Ручкин медленно повернул голову вправо: мужчина, поющий песни, затянул композицию Шарля Азнавура. Журналист вгляделся в его лицо и с ужасом обнаружил, что это был Аветис.
— Не может быть, — произнёс Пётр Алексеевич и обессиленно уронил голову на подушку. — Скажите, Василий Иванович, вы знакомы с Геннадием Викторовичем Монаховым? — попытался ухватиться за последнюю соломинку журналист.

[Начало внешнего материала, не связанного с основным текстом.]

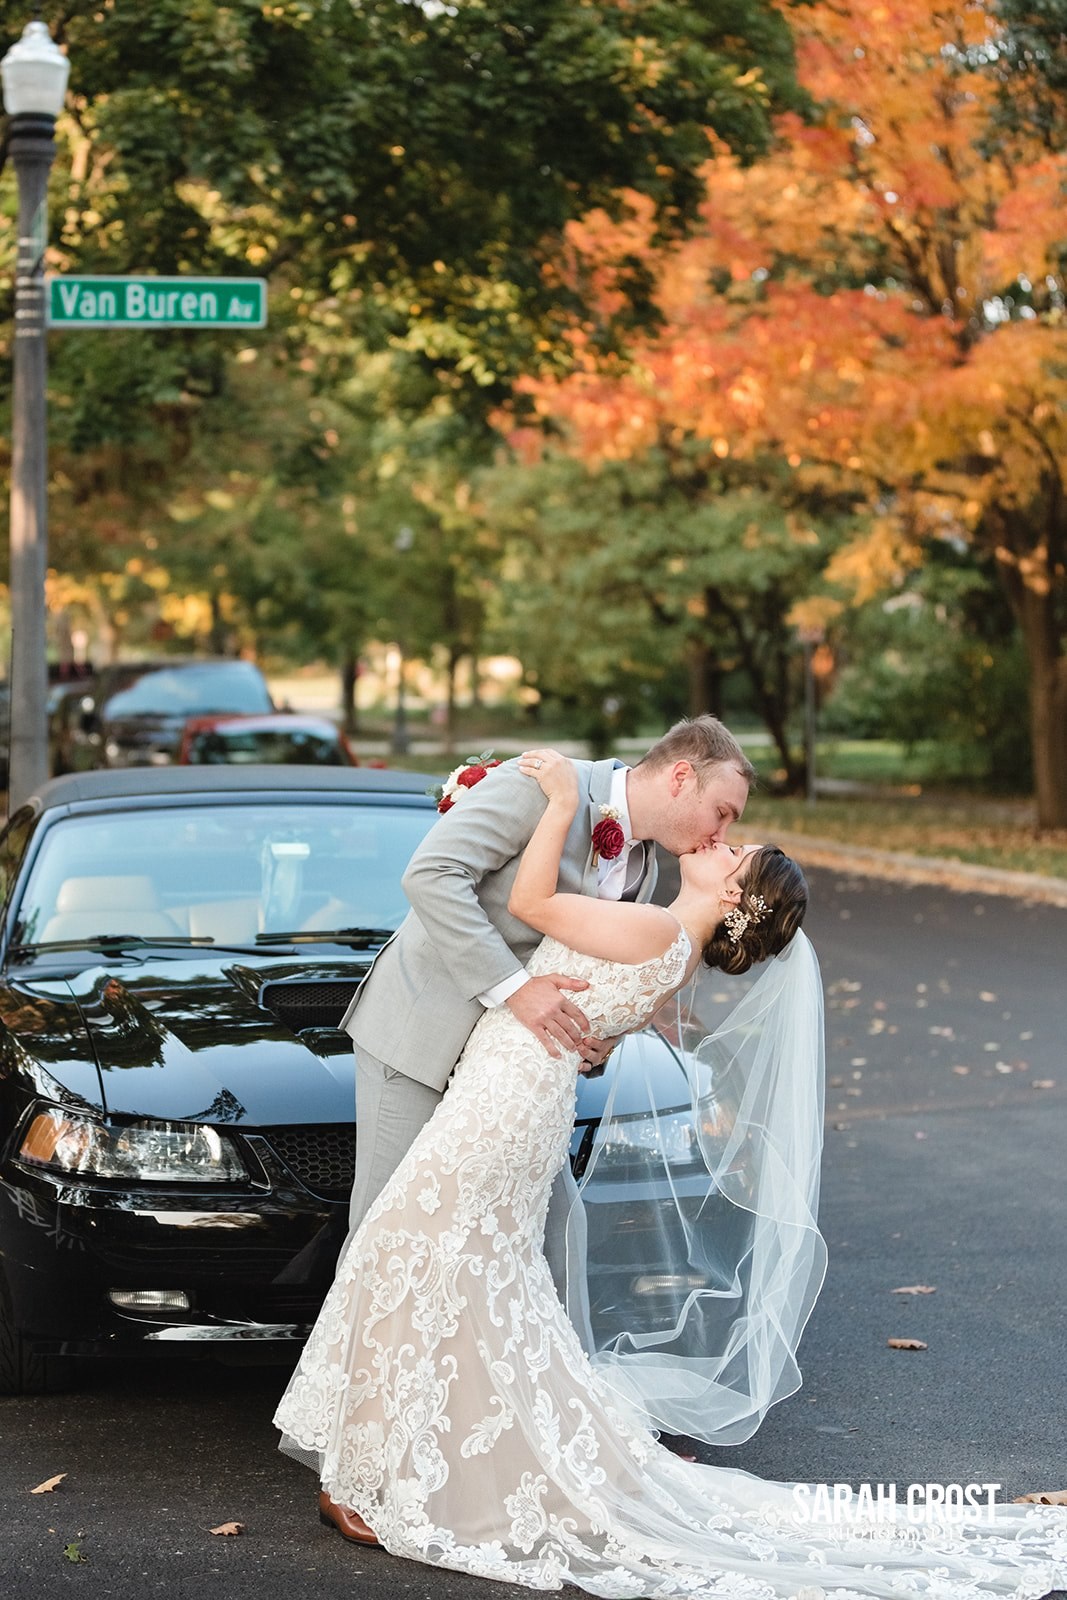 Naperville wedding couple kissing in front of Van Buren Ave.

— Конечно, знаком. Это мой друг. А вам, Пётр Алексеевич, нужно успокоиться и принять таблеточку.
Василий Иванович достал из кармана блистер, выдавил одну таблетку и протянул руку ко рту журналиста.

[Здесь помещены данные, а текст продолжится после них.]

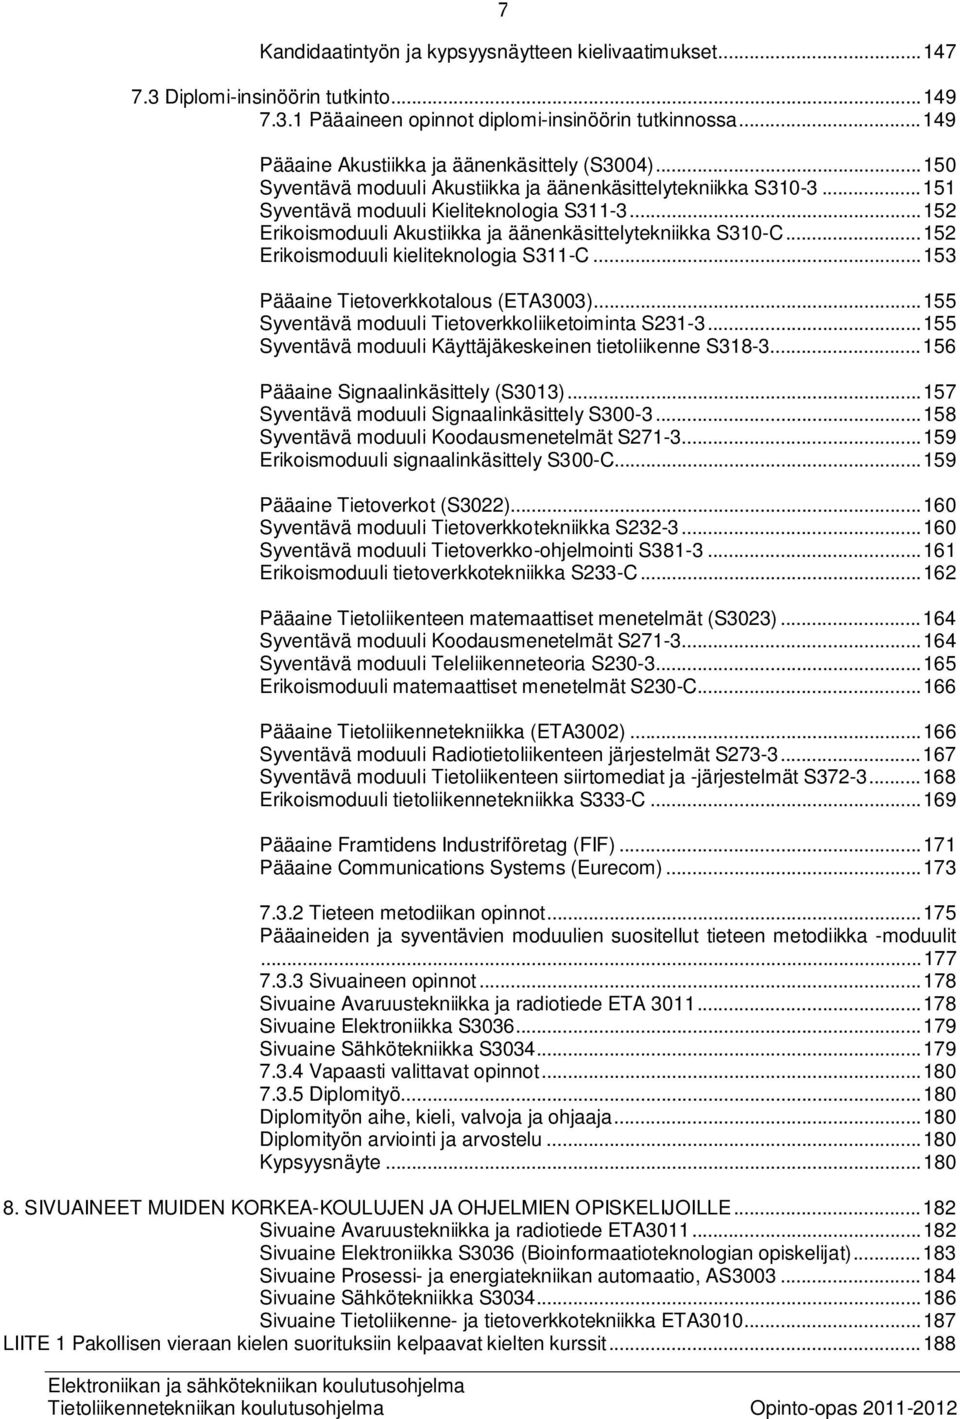 .. 152 Erikoismoduuli Akustiikka ja äänenkäsittelytekniikka S310-C... 152 Erikoismoduuli kieliteknologia S311-C... 153 Pääaine Tietoverkkotalous (ETA3003).

— Ну же, Пётр Алексеевич, будьте послушным пациентом, откройте рот.
— Что это?
— Это седативный препарат.
— А где Геннадий Викторович? Он не мог меня бросить? Он меня навещал?
— Конечно, навещал, — успокаивающе проговорил доктор. — И ещё раз скоро придёт.
— Неужели всё то, что со мной было, это лишь плод моего воображения? Не могу поверить. Ведь всё было как наяву.
— Реальность порой бывает обманчива, — хитро ответил Рыбин.
— А ведь ещё вчера я сидел с Геной и пил его любимый коньяк. Вы же знаете, он обожает крепкие напитки. Неужели этого не было?
— Было, не было — вам сейчас трудно во всём разобраться. Ничего, выпьете ещё с Геннадием коньячку, да мы все вместе выпьем, когда вы вылечитесь. Откройте рот, выпейте таблеточку.
— А ведь Гена любит пиво, и крепкие напитки у него не в почёте — это раз. — Насмешливо проговорил Пётр Алексеевич. — Но вы не могли об этом знать, потому что не знакомы с ним. Это два. И как так получилось, что я с московской пропиской лежу в Туле? Потому что вы не знаете, откуда я. Это три. Аветис, конечно, похож, именно так он, наверное, выглядел пятьдесят три года назад, но как сейчас он выглядит, вы знать не можете. Вы воспроизвели его образ таким, каким видели его тогда. Это четыре. Ну и, в конце концов, поправьте рукав, господин Иванов, шрам видно. Это пять.
— А ты наблюдательный, — проговорил доктор. Лицо его начало стремительно меняться, и перед ним возник Иван.
— Так что за цирк, Ваня, и где я нахожусь? — спросил журналист.
— Это не цирк, — пожимая плечами, произнёс Иванов. — Это твой сон. Ты уж прости, я тут чуть-чуть пошалил.